The population of a town increases at a rate proportional to the population at that time. If the population increases from 40 thousand to 80 thousand in 40 years, then the population in another 40 years will be

Let p be the population at time t years.
Then \(\frac{\mathrm{dp}}{\mathrm{dt}}=\mathrm{kp}\)
\(\Rightarrow \frac{\mathrm{dp}}{\mathrm{p}}=\mathrm{kdt}\)
Integrating on both sides, we get
\(\log \mathrm{p}=\mathrm{kt}+\mathrm{c}\)

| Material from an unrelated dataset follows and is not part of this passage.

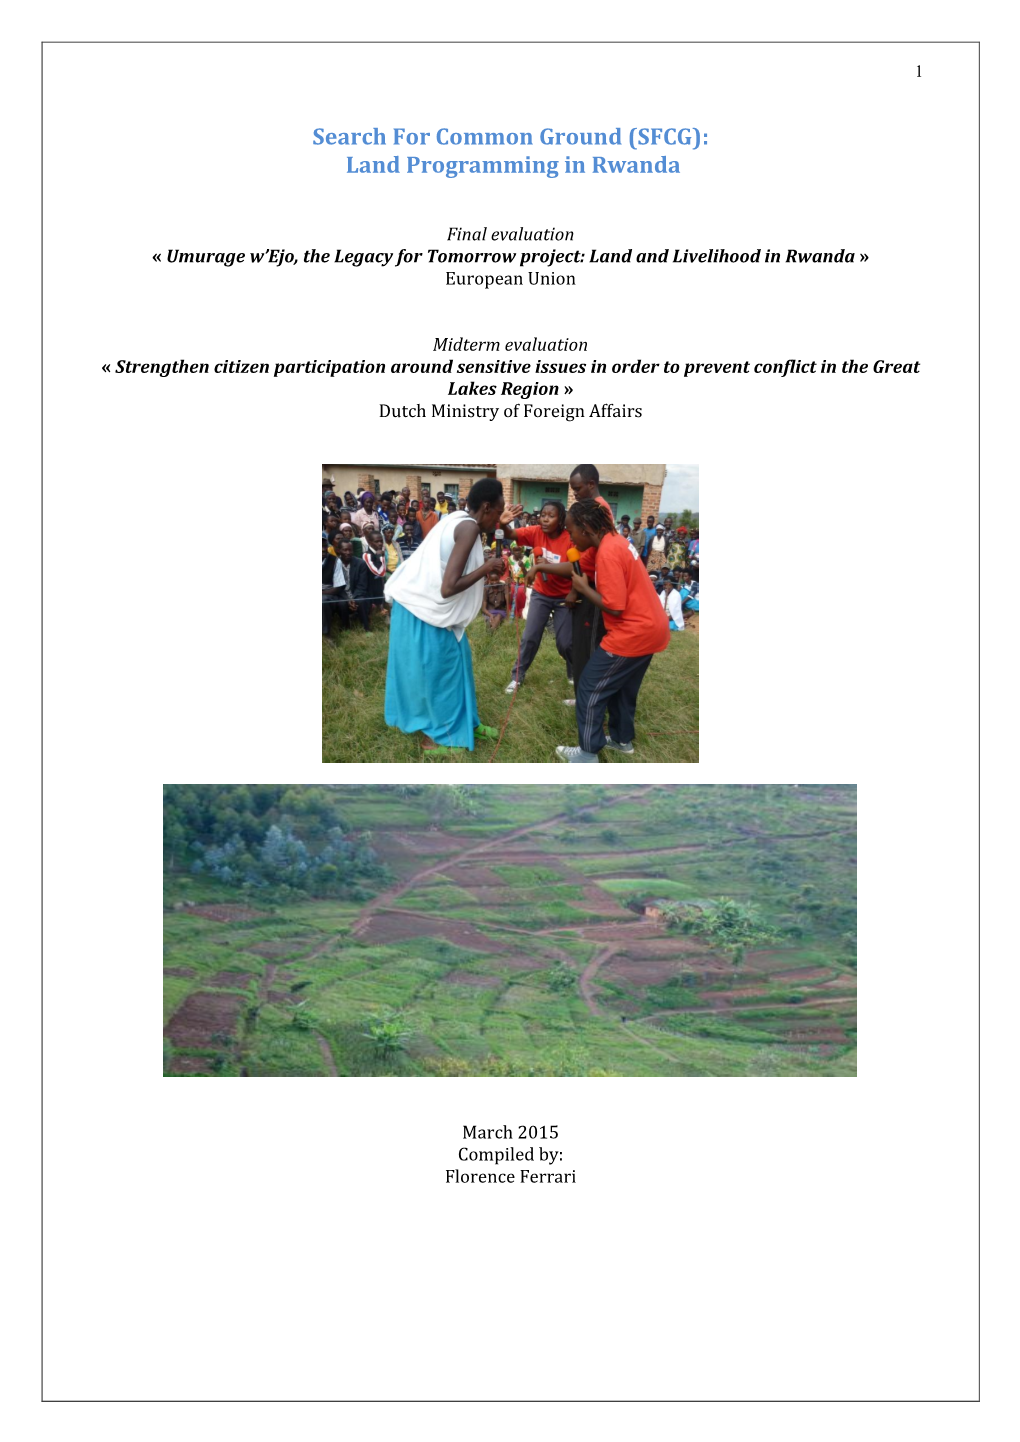 Search for Common Ground (SFCG): Land Programming in Rwanda

when \(\mathrm{t}=0, \mathrm{p}=40000\)
\(\begin{aligned}
& \therefore \quad \log 40000=0+c \\
& \\
& \Rightarrow \mathrm{c}=\log 40000
\end{aligned}\)
\(\begin{aligned}
\therefore \quad & \log \mathrm{p}=\mathrm{kt}+\log 40000 \\
& \Rightarrow \log \left(\frac{\mathrm{p}}{40000}\right)=\mathrm{kt}
\end{aligned}\)
When \(\mathrm{t}=40\) years, \(\mathrm{p}=80000\)
\(\begin{aligned}
& \Rightarrow \log \left(\frac{80000}{40000}\right)=40 \mathrm{k} \\
& \Rightarrow \mathrm{k}=\frac{1}{40} \log 2
\end{aligned}\)
\(\therefore \quad \log \left(\frac{\mathrm{p}}{40000}\right)=\frac{1}{40} \log 2 \times \mathrm{t}\)
\(\therefore \quad\) Population after another 40 years, i.e., \(\mathrm{t}=80\) years, we have
\(\begin{aligned}
& \log \left(\frac{\mathrm{p}}{40000}\right)=\frac{1}{40} \log 2 \times 80 \\
& \Rightarrow \log \frac{\mathrm{p}}{40000}=2 \log 2 \\
& \Rightarrow \frac{\mathrm{p}}{40000}=4 \\
& \Rightarrow \mathrm{p}=16,0000
\end{aligned}\)